In his profound work On the Life in Christ, Saint Nikolaos Kavasilas writes that life in Christ is begun in this life and is completed in the next. And neither this life nor the next can be perfected in people’s souls unless the process starts from here. Just as there are bodily senses, such as sight and smell, so there are also spiritual senses. The present life is the workshop in which we prepare the spiritual senses. Those who don’t acquire spiritual senses here will remain ‘dead and wretched’ in eternity. God will be offered to all, as light, but they’ll be left in the dark, like the foolish virgins, because they won’t then be able to create eyes. And the fragrance of the Spirit will fill everything, but they won’t be able to acquire a sense of smell if it doesn’t already exist. People who haven’t acquired spiritual senses before they depart this present life won’t have anything in common in the next one, whereas the friends of God, with their spiritual senses, will participate, with Christ, in eternal bliss [11].
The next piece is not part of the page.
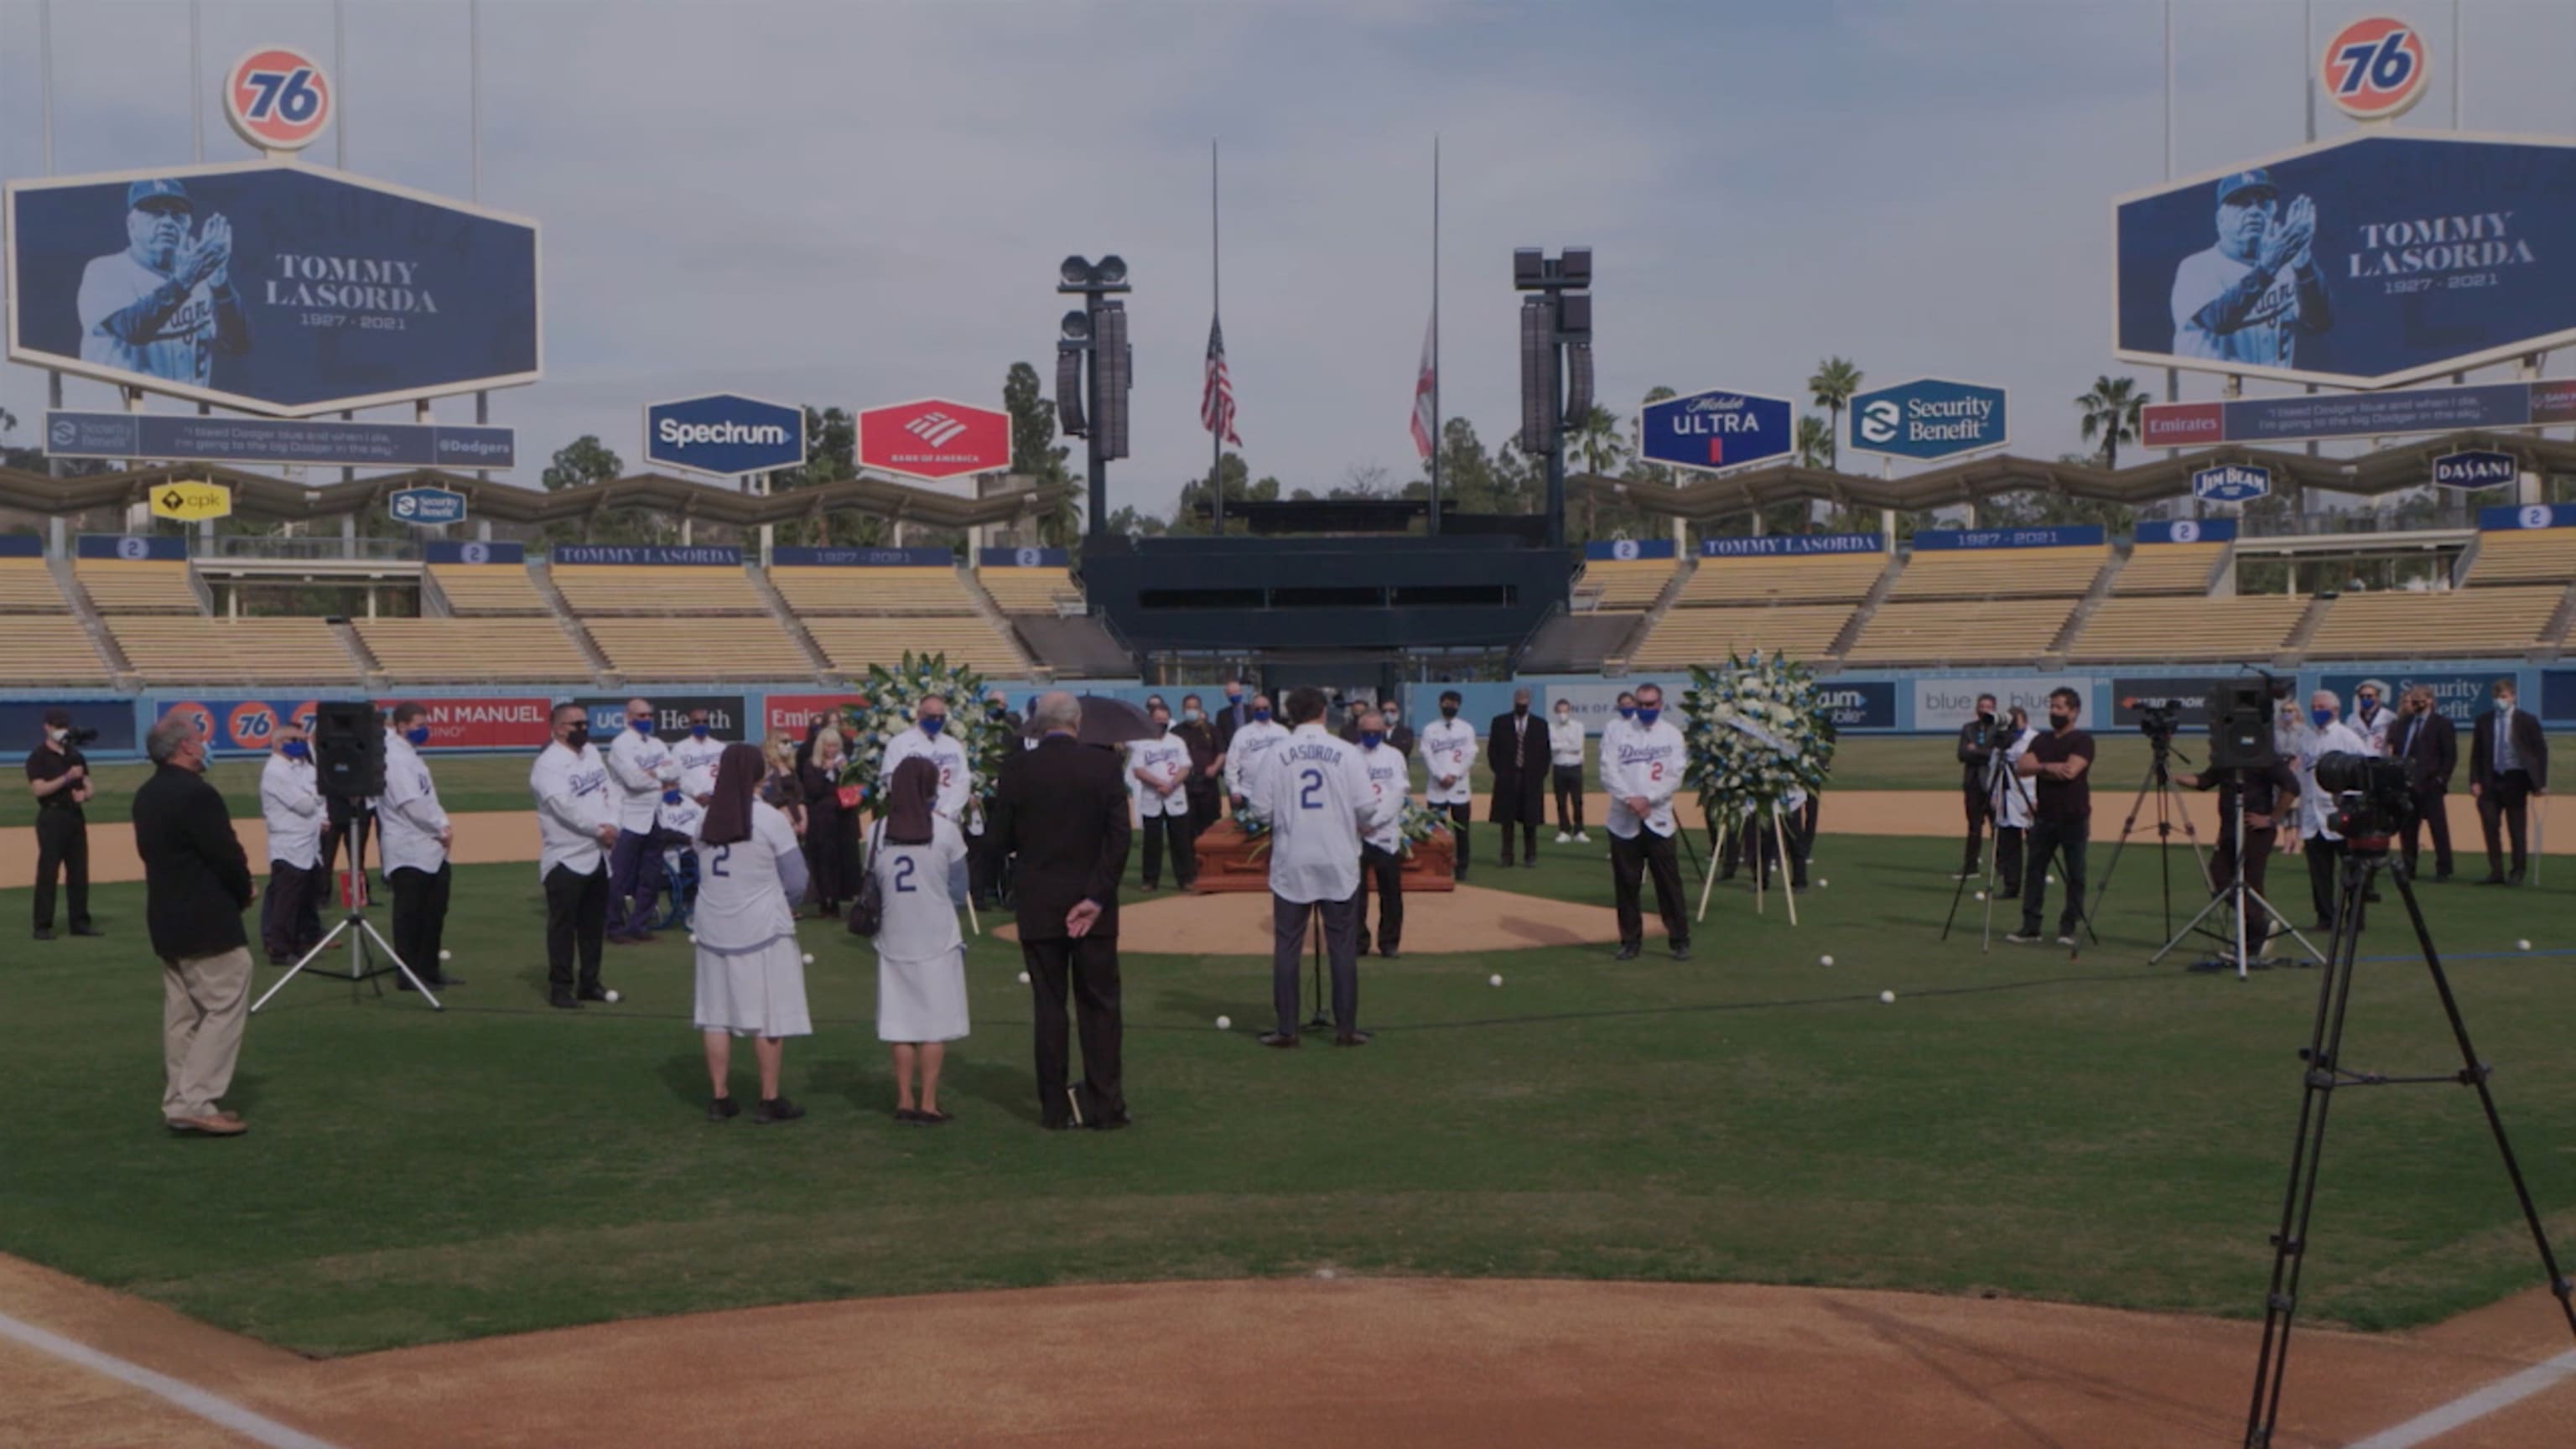 Dodgers pay tribute to Lasorda

Pure spiritual senses, a pure heart, make us blessed and able to see God [12]. With Christ’s resurrection, which is the quintessence of the divine revelation, ‘everything has been filled with light’. This isn’t merely something that has to be believed, but something which can and must be experienced. Christ wasn’t the prophet of the resurrection and of the kingdom of God, He was their agent. He didn’t foretell things that would take place in the future, but brought these things into the present and made them shareable for everyone, up to a point, depending on each person’s purity and receptivity.  The Resurrection canon urges us: ‘Let us cleanse our senses and we shall see the unapproachable light of the resurrection’. The light of the resurrection is the light of the Kingdom of God, it’s the light of the age to come which exists and is revealed ‘in advance’ in the saints, even in this life.

[8]. See Heb. 12, 28.
[9]. See 1 Jn. 4, 16.
[10]. See Gregory Palamas, Homily 16, PG. 151, 192A
[11]. See Nikolaos Kavasilas, On the Life of Christ 1, PG 150.493B ff.
[12]. See Matth. 5, 8.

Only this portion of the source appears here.